─── Data provided ───
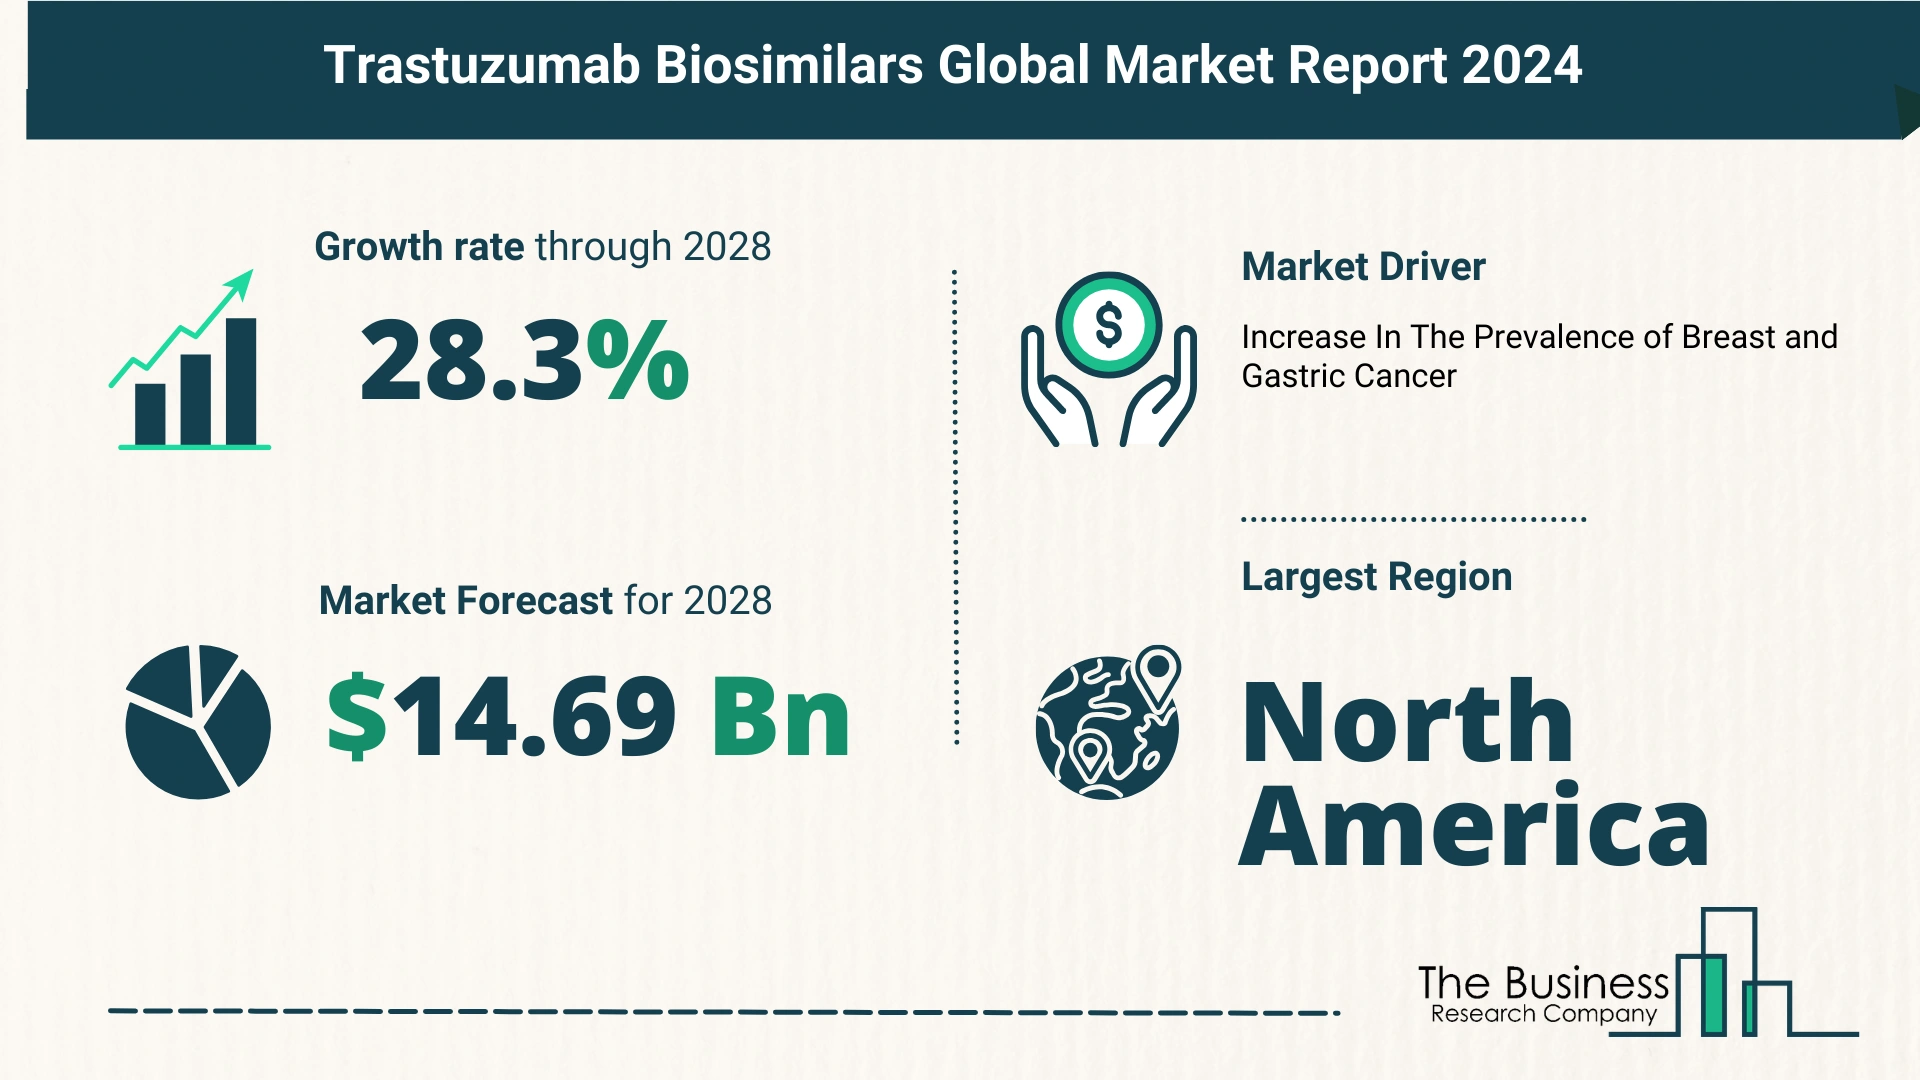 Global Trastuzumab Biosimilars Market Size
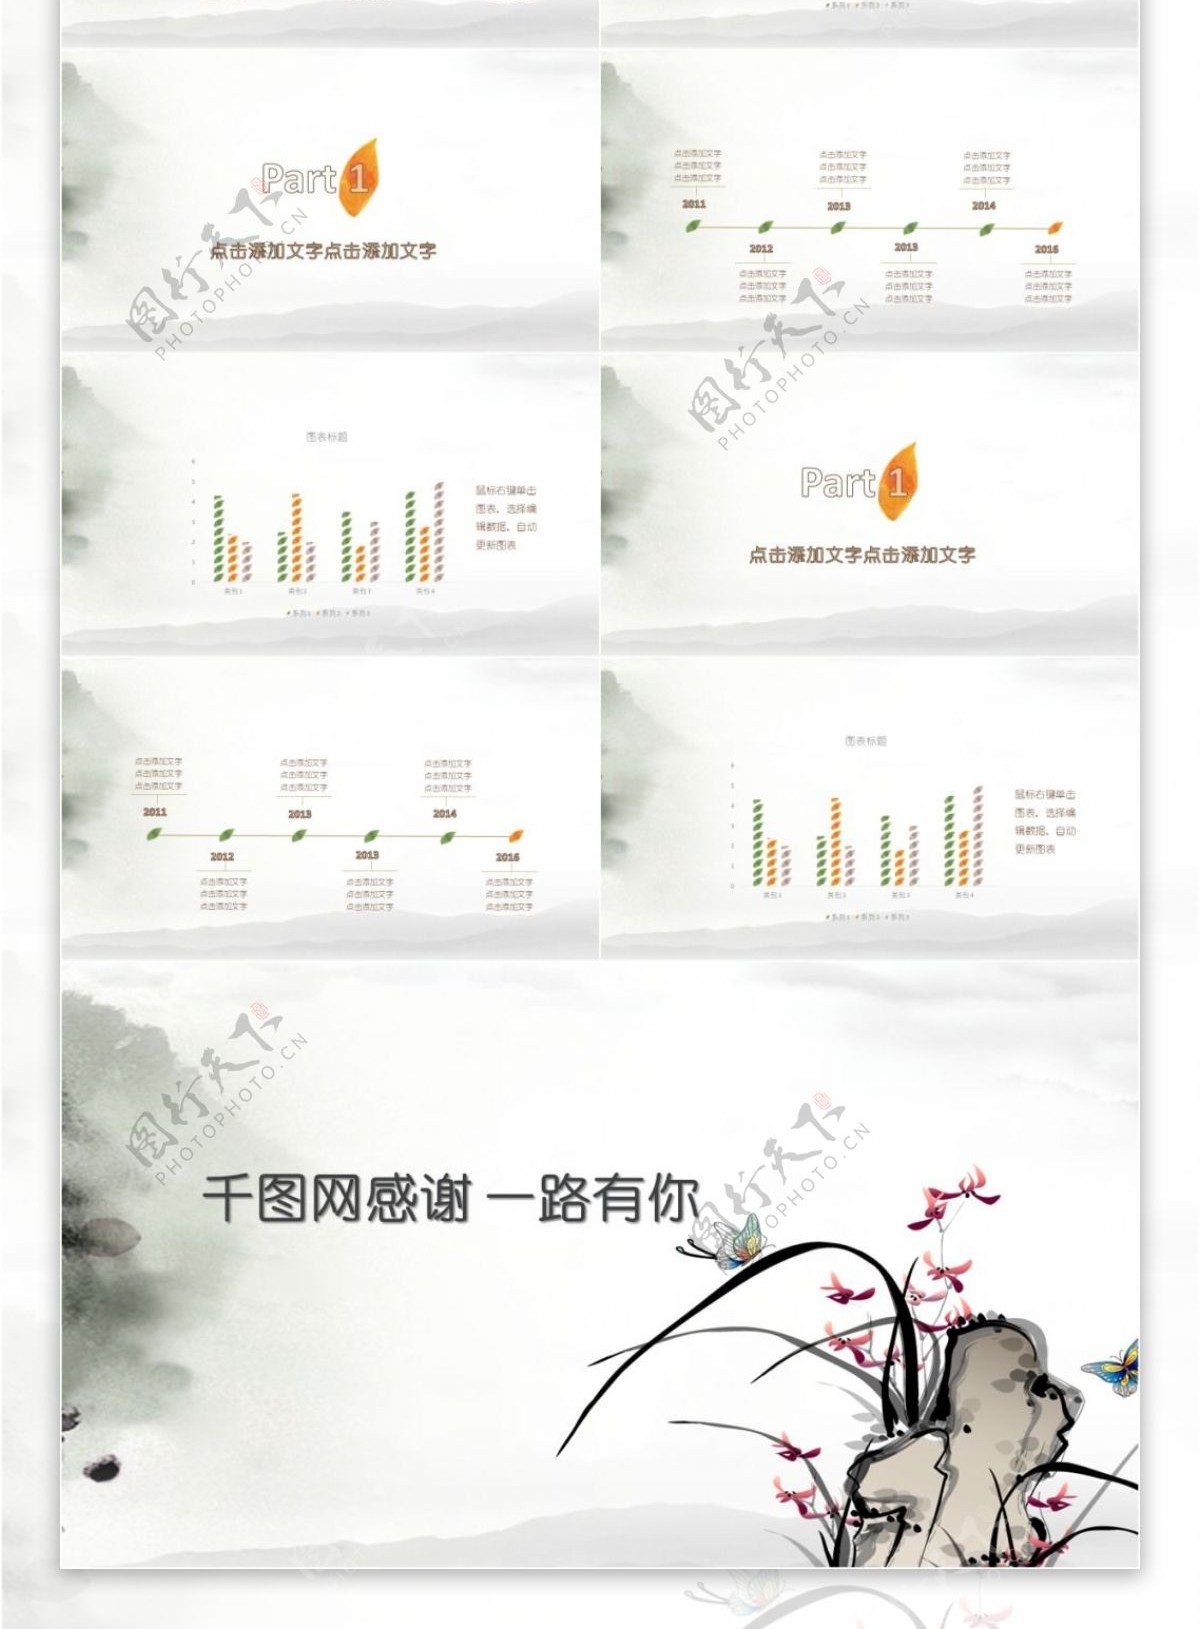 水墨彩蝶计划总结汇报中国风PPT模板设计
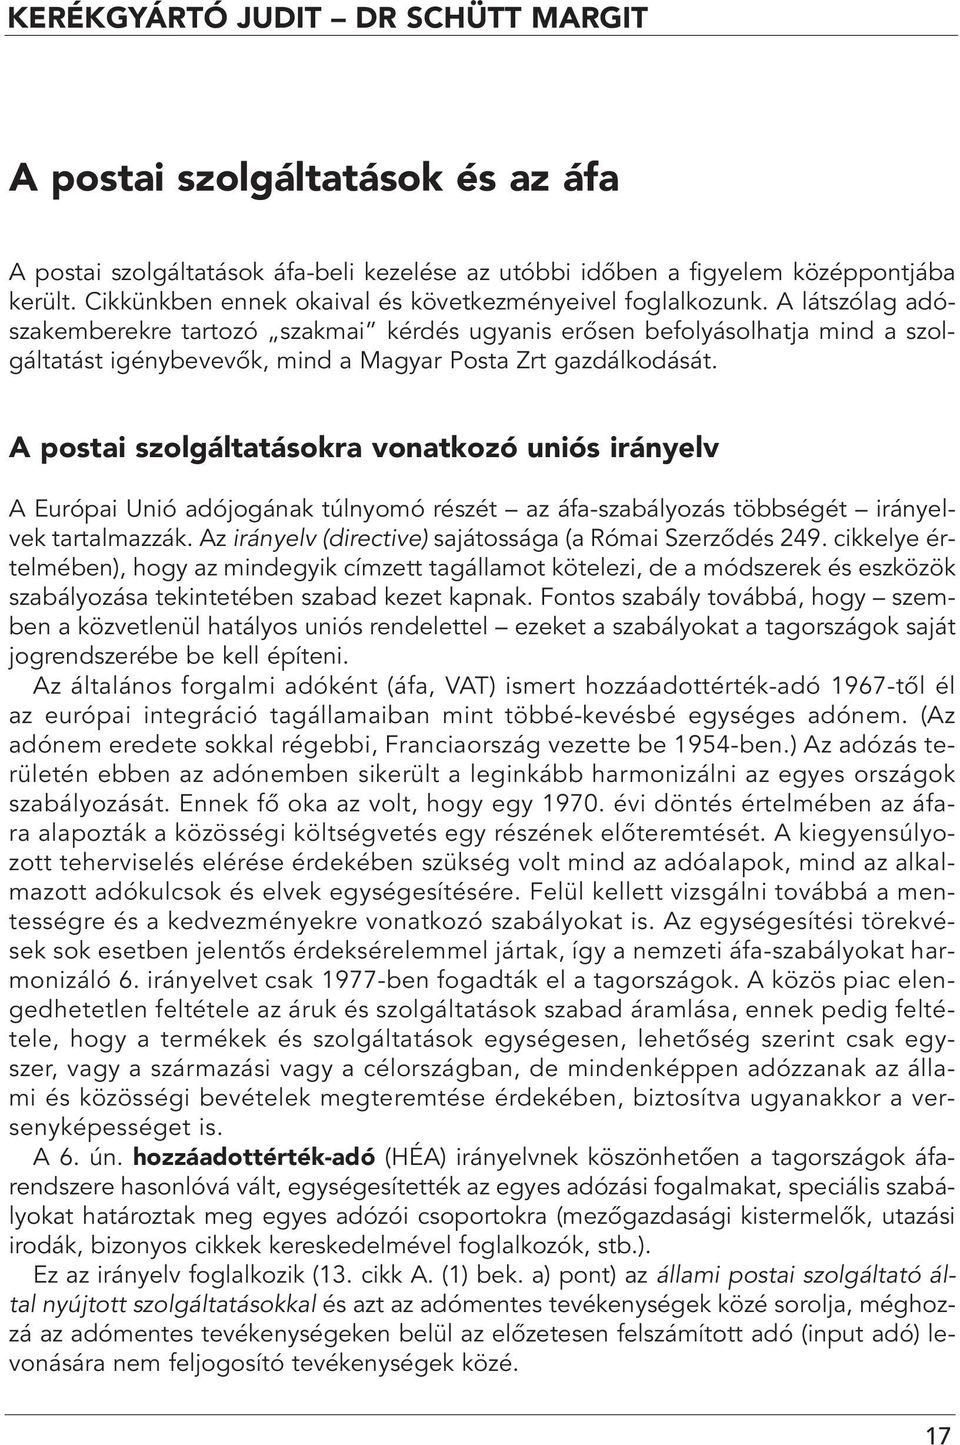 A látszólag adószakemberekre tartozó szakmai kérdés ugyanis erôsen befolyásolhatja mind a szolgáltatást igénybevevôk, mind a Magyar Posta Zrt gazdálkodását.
───
» **What you need to do**
Transcribe word for word only the lines from the one with "水墨彩蝶计划总结汇报中国风PPT模板设计" through the end of the listing; every picture is to be omitted.

» **Answer to the exercise**
 水墨彩蝶计划总结汇报中国风PPT模板设计
 A látszólag adószakemberekre tartozó szakmai kérdés ugyanis erôsen befolyásolhatja mind a szolgáltatást igénybevevôk, mind a Magyar Posta Zrt gazdálkodását.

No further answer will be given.